Source data

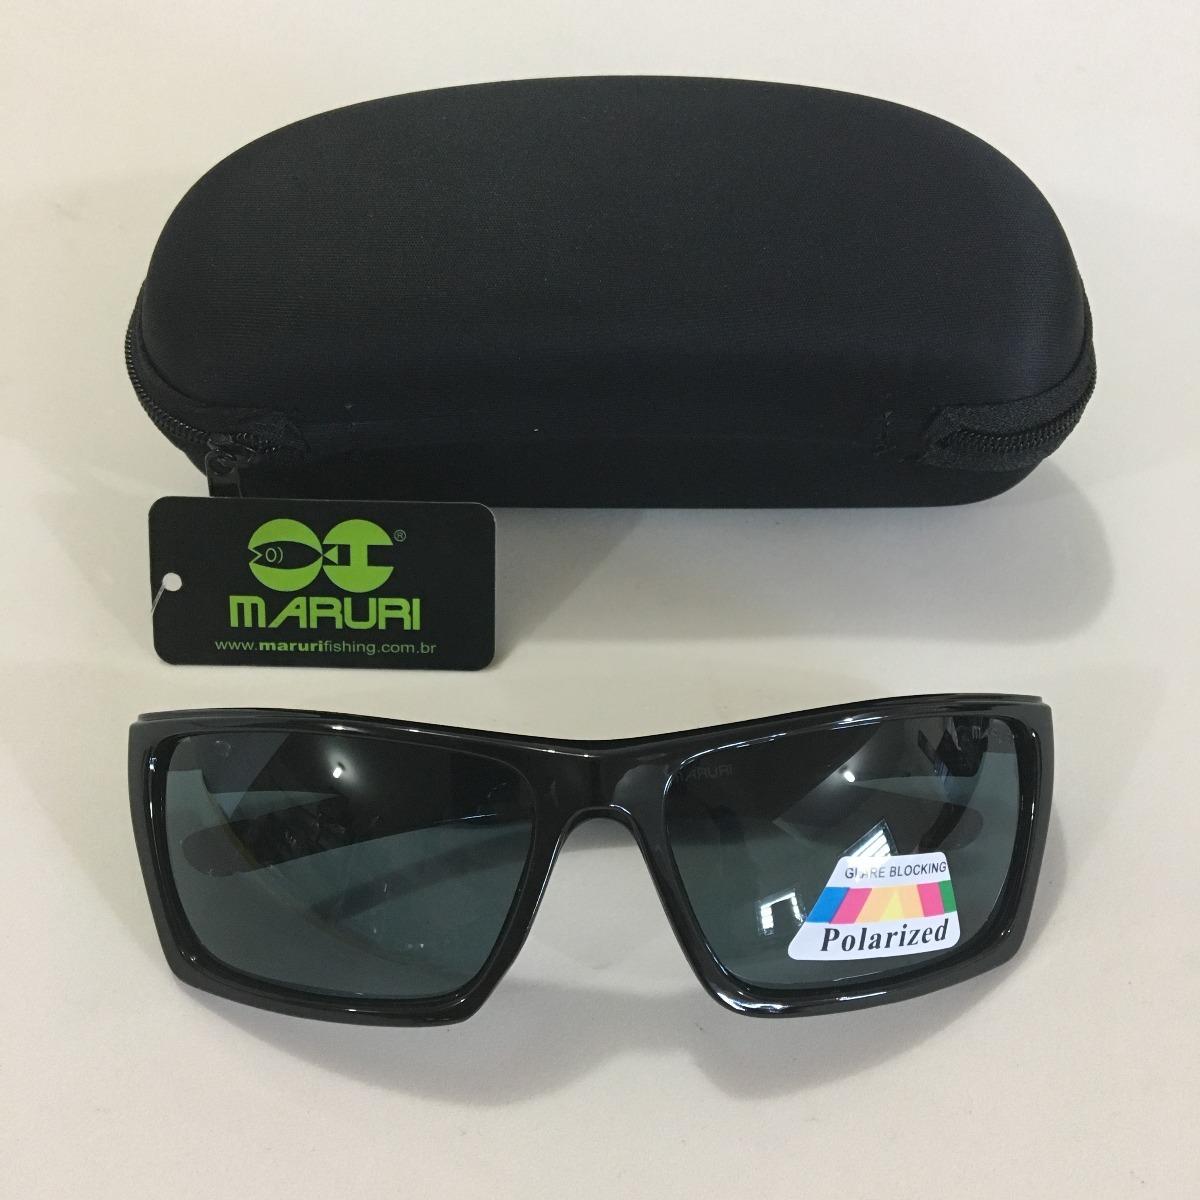 842b0d7fa óculos pesca maruri® polarizado anti-reflexo dz6510. Carregando zoom.
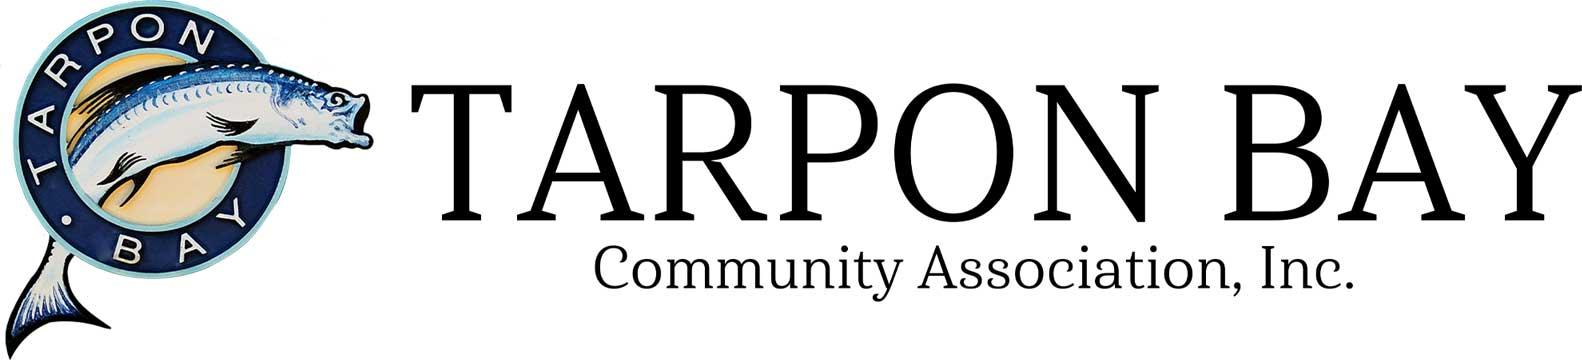 Tarpon Bay Community Association, Inc.
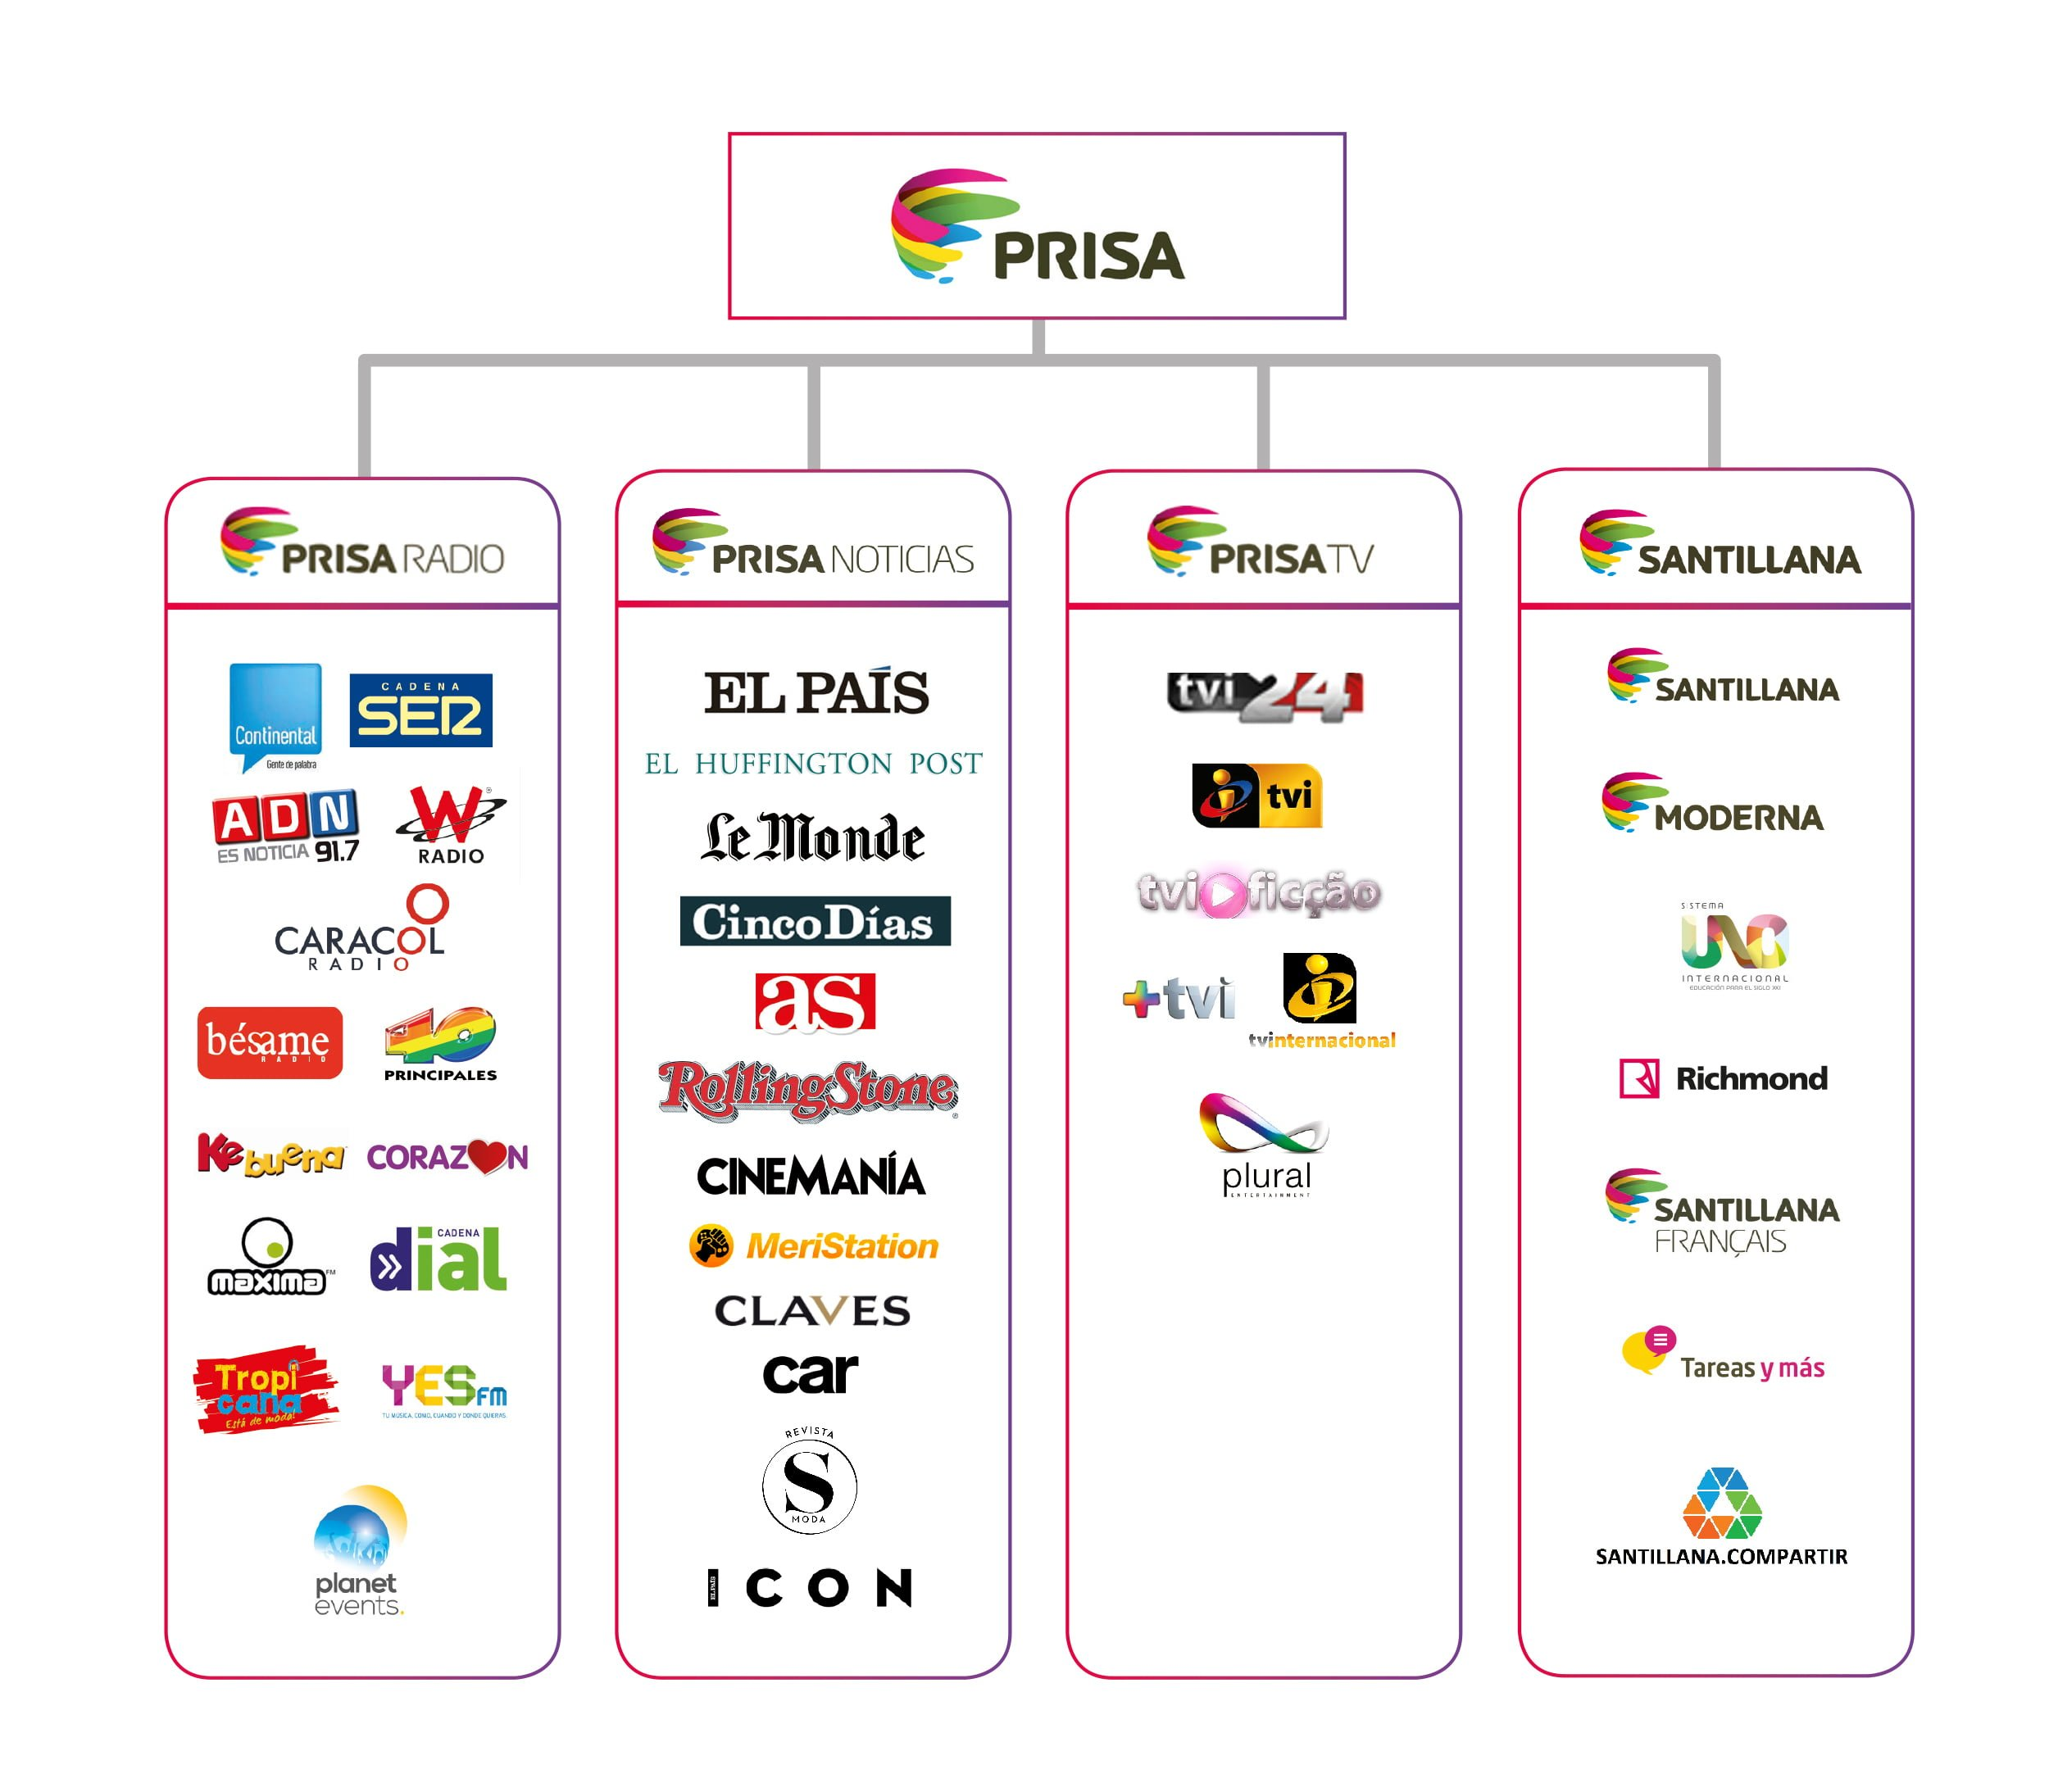 Empresas de Grupo Prisa

Aim of the task
What is needed is every line of the data above, set down exactly but with the images left out.

Answer space
 842b0d7fa óculos pesca maruri® polarizado anti-reflexo dz6510. Carregando zoom.
 Tarpon Bay Community Association, Inc.
 Empresas de Grupo Prisa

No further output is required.